* DATASET

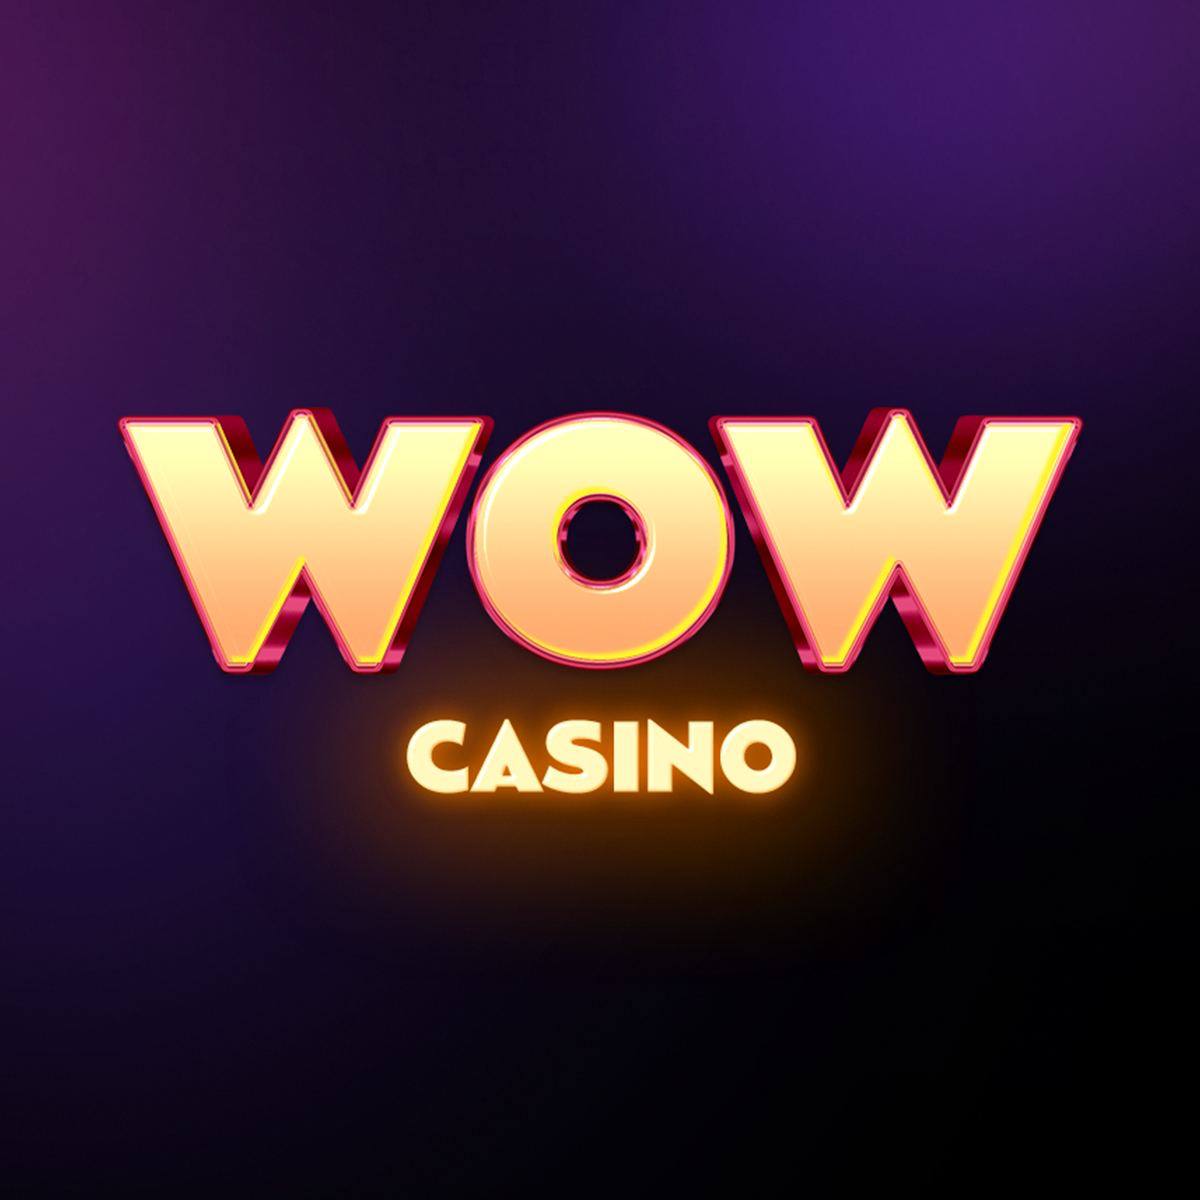 🚀 Airdrop: WOW Social Casino
💰 Value: 500 USDT + 10,000 $WOW Token
🏆 Winners: Random 100 Winners will get 100 $WOW
👥 Top 50 Scores: 500 $USDT
📅 End Date: 21st June, 2023

Go to the Airdrop Page
zealy.io/c/wowsocialcas…

#Airdrop #Airdrops #Crypto

* WHAT NEEDS TO BE DONE
Return the listing above unchanged, apart from dropping its pictures.

* ANSWER
 🚀 Airdrop: WOW Social Casino
💰 Value: 500 USDT + 10,000 $WOW Token
🏆 Winners: Random 100 Winners will get 100 $WOW
👥 Top 50 Scores: 500 $USDT
📅 End Date: 21st June, 2023

Go to the Airdrop Page
zealy.io/c/wowsocialcas…

#Airdrop #Airdrops #Crypto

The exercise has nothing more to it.